# Unexpected discoveries



## Tandy (Sep 22, 2004)

[8|] I was given the object shown below by a friend of mine, and I am wondering if anyone can shed any light on it.

 Actual size - 170 mm diameter, 10 mm thick.


----------



## LaidBackJack (Sep 22, 2004)

Just a wild guess, but depending on what it's made of it could be part of a calcium battery, with the battery Co.embossing on it. These batteries are used for remote weather stations, Telephone Co.installations etc. and have been popular here in the USA for alternate energy set-ups "off the grid" to store power from solar or wind generator systems. I have seen round ones before, and they're big & heavy & made with alternating plates sort of like that. The holes would be for an anode & connecting them all together, presumably. Usually 2 volts each and used in sets of 6 for 12V DC systems. They've been around for a long time, not usefull for many things because of size & weight & the fact they are very shallow cycle batteries & must be kept fully charged up & not drawn down very much or they'll go flat & be useless. Like I said, just a wild guess, and probably wrong...but it was fun guessing. Someone will know for sure.


----------



## Roger (Sep 23, 2004)

*LaidBackJack* is correct [] and here is a link to a picture of a complete battery and another of the attached electrodes.


----------



## Tandy (Sep 23, 2004)

[] Many thanks to LaidBackJack and Roger for identifying the battery top. It will make an interesting exhibit at our club's next meeting.


----------



## LaidBackJack (Sep 23, 2004)

*Dang!*

Really, I was blue-sky guessing!  Last time I saw one was 30 years ago in Montana. If only I could be so lucky picking lottery numbers.


----------



## Tandy (Sep 24, 2004)

[] LaidBackJack, as you probably saw, Roger included two jpg from a website, which I looked up, and found that it is indeed a battery cover, but not exactly the type shown in the jpgs. The interesting question is, how did it get to South Australia?

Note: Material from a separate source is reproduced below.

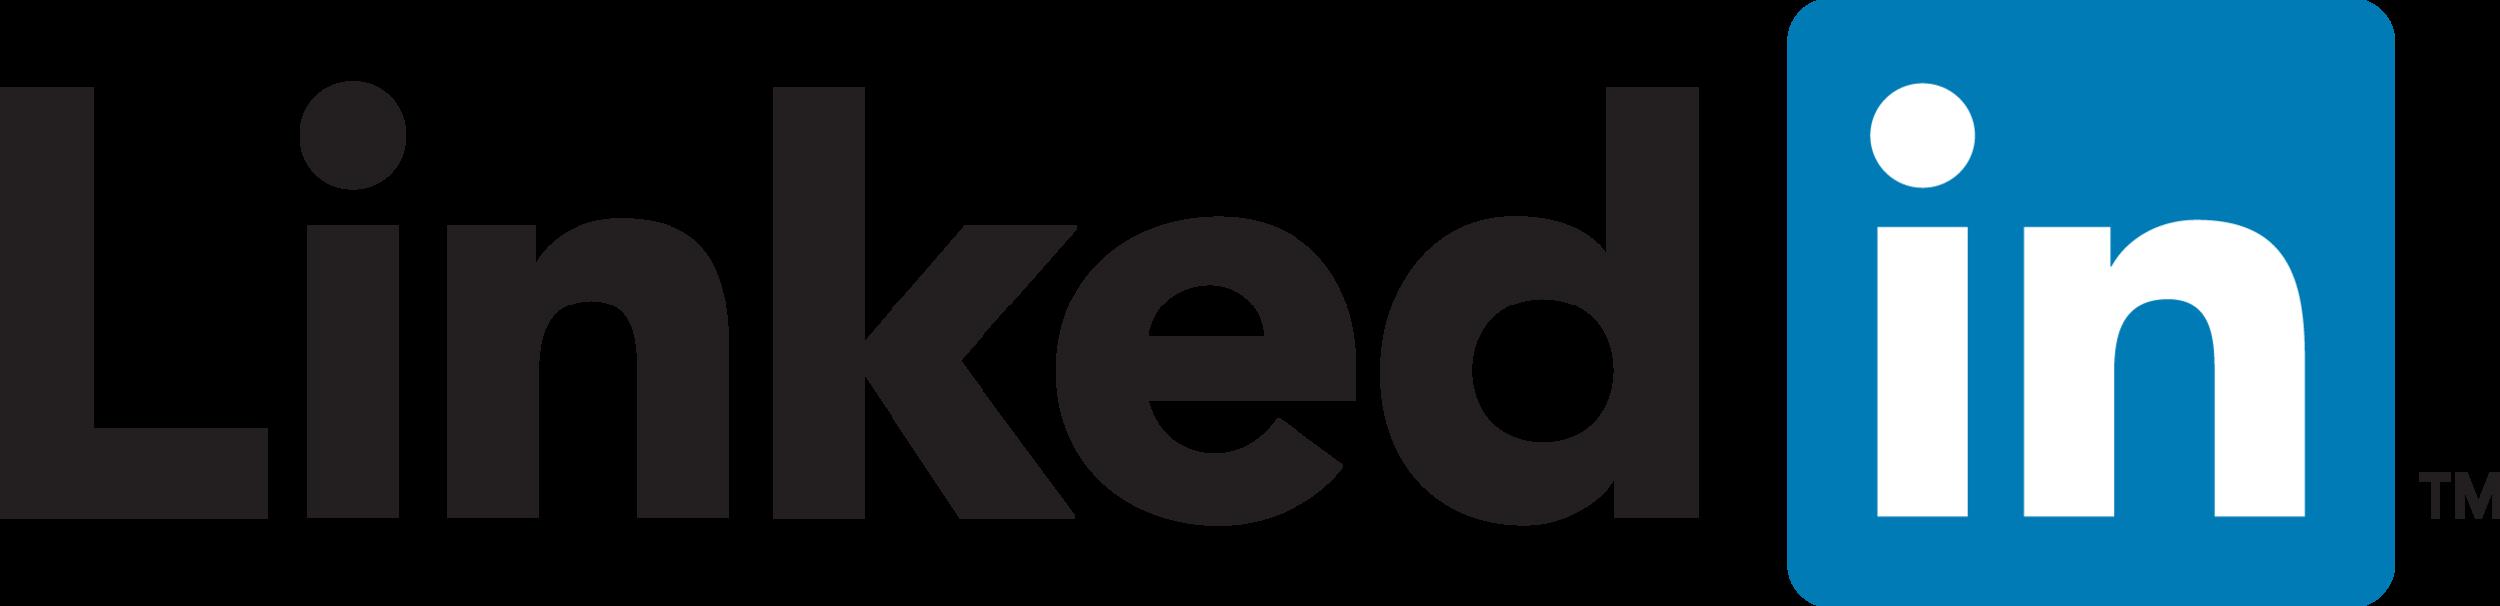 LinkedIn-Logo-2C (1).png

I have never seen anything remotely like it over here, so I am stumped.

 Cheers from Downunder!


----------



## LaidBackJack (Sep 24, 2004)

How did it get there? Good question, I won't guess about that, but I will suggest that originally there was probably more than just the one. 2 volts of battery power wouldn't be of much use for anything. Maybe you will find another one someday.


----------



## Tandy (Sep 24, 2004)

Hi LaidBackJack!

 As Australia had what was known as the Overland Telegraph, there may well have been many more over here.

 Here is a website that tells you about the Overland Telegraph. 

 http://home.iprimus.com.au/oseagram/morse.html


----------